Summary: The goal of the present paper is to perform a comprehensive study of the covariance structures in balanced linear models containing random factors which are invariant with respect to marginal permutations of the random factors. We shall focus on model formulation and interpretation rather than the estimation of parameters. It is proven that permutation invariance implies a specific structure for the covariance matrices. Useful results are obtained for the spectra of permutation invariant covariance matrices.

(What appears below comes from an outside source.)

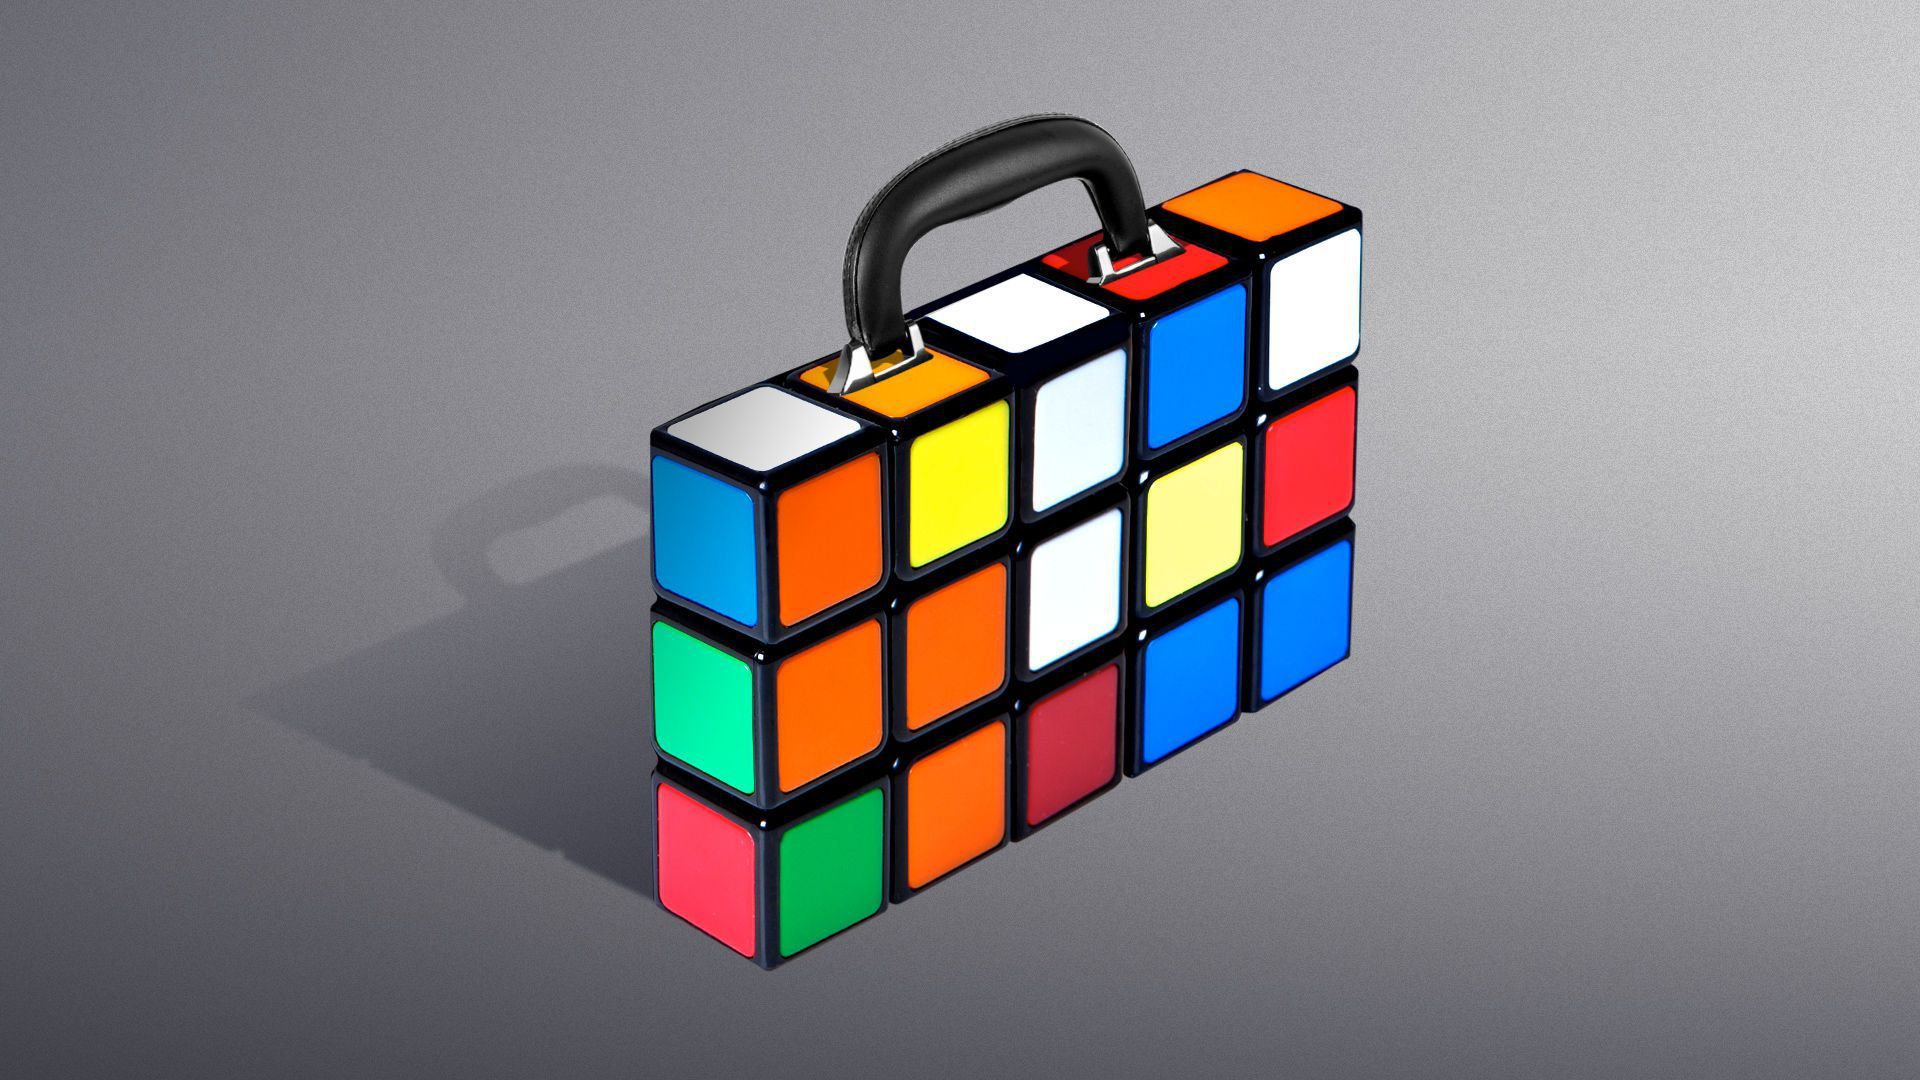 A Rubixk's cube on a briefcase.

In particular, the reparameterization of random effects, i.e., imposing certain constraints, will be considered. There are many possibilities to choose reparameterization constraints in a linear model, however not every reparameterization keeps permutation invariance. The question is if there are natural restrictions on the random effects in a given model, i.e., such reparameterizations which are defined by the covariance structure of the corresponding factor. Examining relationships between the reparameterization conditions applied to the random factors of the models and the spectrum of the corresponding covariance matrices when permutation invariance is assumed, restrictions on the spectrum of the covariance matrix are obtained which lead to “sum-to-zero” reparameterization of the corresponding factor.

MSC:

62J10 Analysis of variance and covariance (ANOVA)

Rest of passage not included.